The Chinle Formation at Petrified Forest National Park also has produced abundant fossil leaves, vertebrates (including giant crocodile-like reptiles called phytosaurs, large salamander-like amphibians called metoposaurs, some of the earliest dinosaur fossils from North America), and invertebrates (including freshwater snails and clams).

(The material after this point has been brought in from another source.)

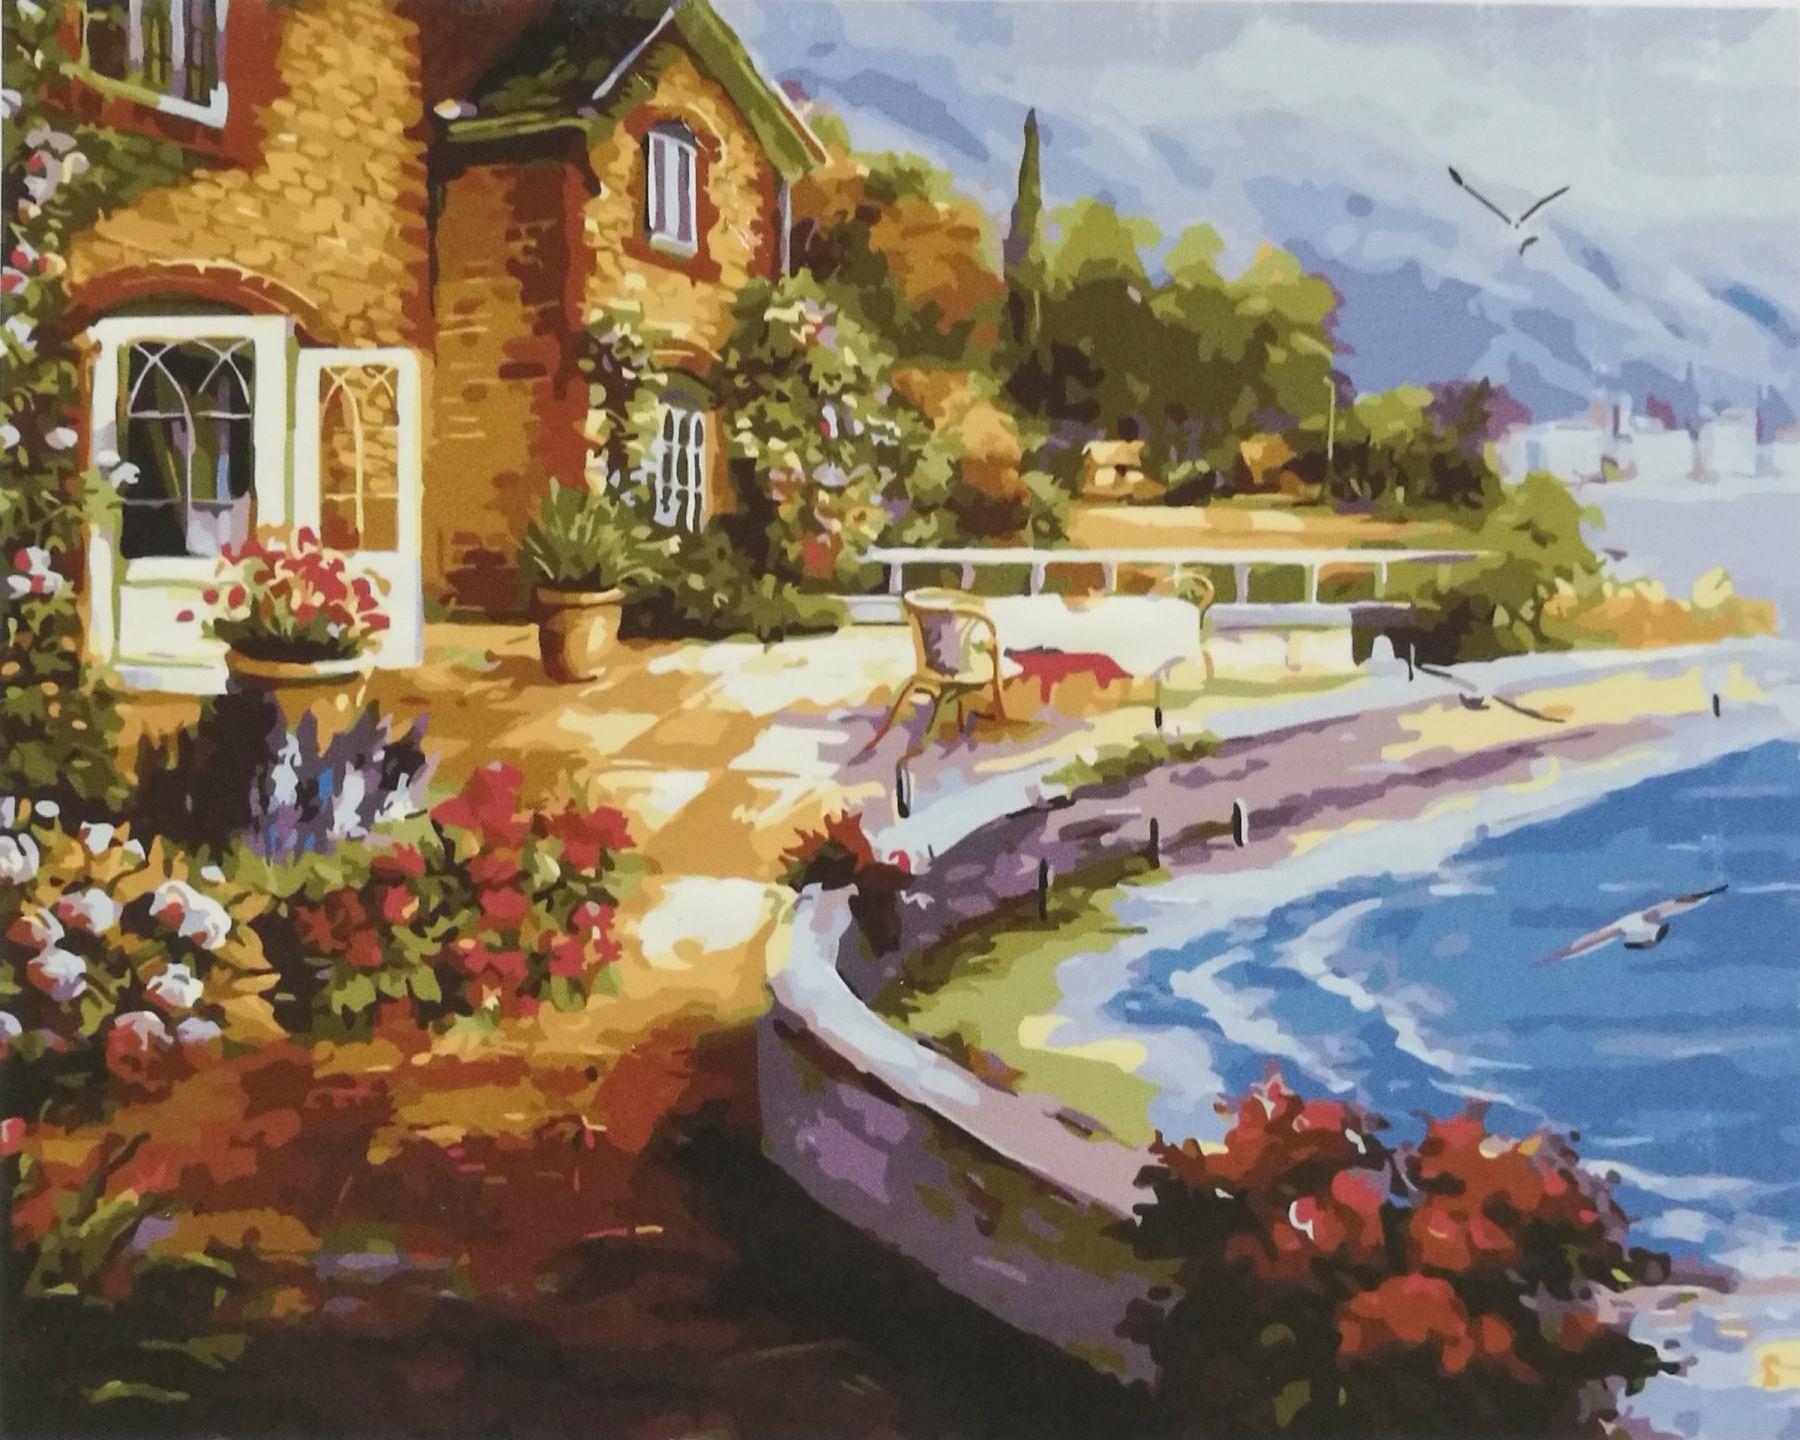 Картина по номерам GX 36468 Цветочный берег 40х50
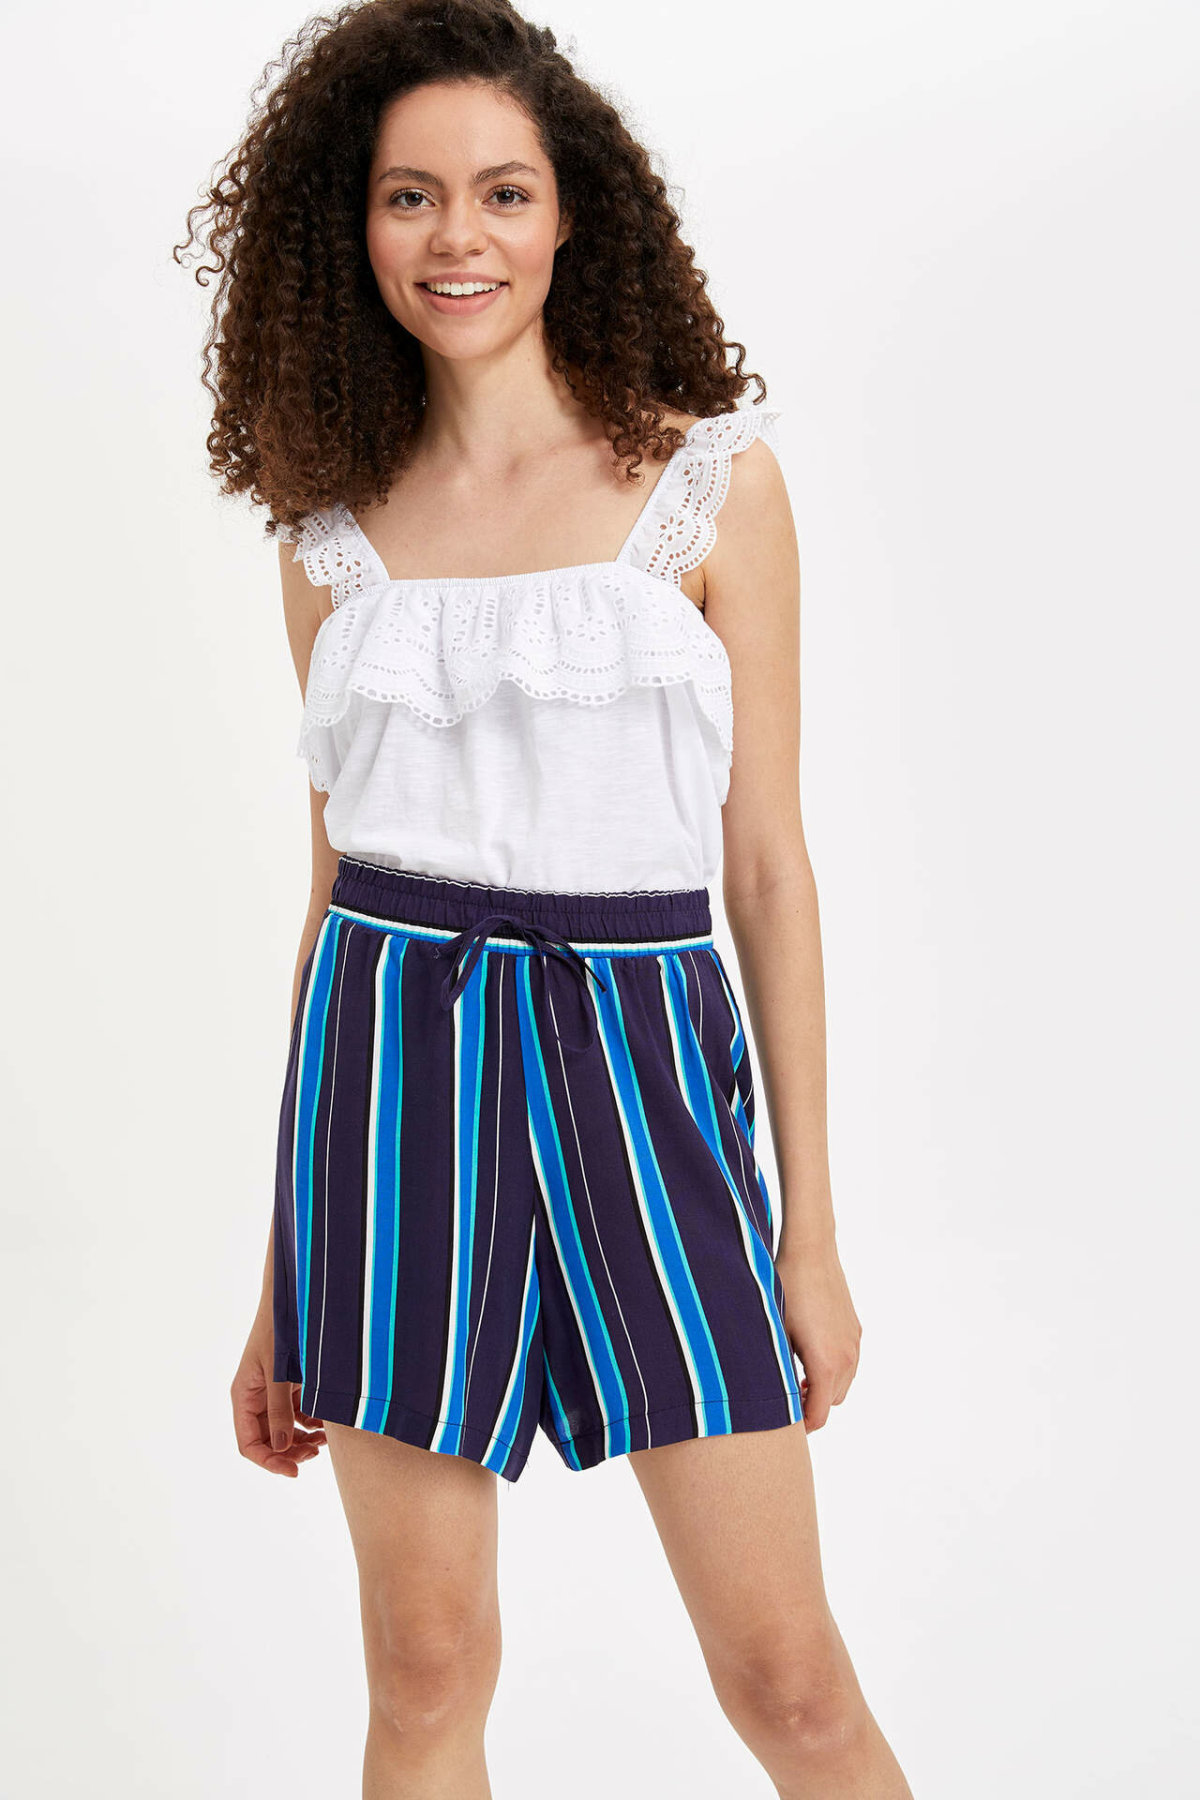 DeFacto Summer Women Short Pants Ladies Casual Striped Loose Shorts Female Drawstring Comfort Bottoms New - L2957AZ19HS

Much of the striking banded coloration of the Chinle Formation badlands that make up the Painted Desert region is due to soil formation (pedogenesis) during the Late Triassic. These paleosols (ancient soils) preserve evidence of conditions during the Triassic including the nature of the landscape and the paleoclimate. The Chinle paleosols suggest that the climate was dramatically seasonal, with distinct very wet and very dry seasons. This climate was probably similar to the modern monsoon of the Indian Ocean region, and was characteristic of tropical areas of Late Paleozoic and Early Mesozoic Earth when all the continents had assembled to form the supercontinent Pangaea.
[edit] Theft
Theft of petrified wood has remained a problem despite protection and despite the fact that nearby vendors sell wood collected legally from private land. Despite a guard force of seven National Park Service rangers, fences, warning signs, and the threat of a $275 fine, about 12 to 14 tons of the fossil wood disappears from the Petrified Forest every year.
[edit] Gallery
[edit] See also
[edit] References
- ^ Frommer's Arizona 2008. "Introduction to Petrified Forest and Painted Desert"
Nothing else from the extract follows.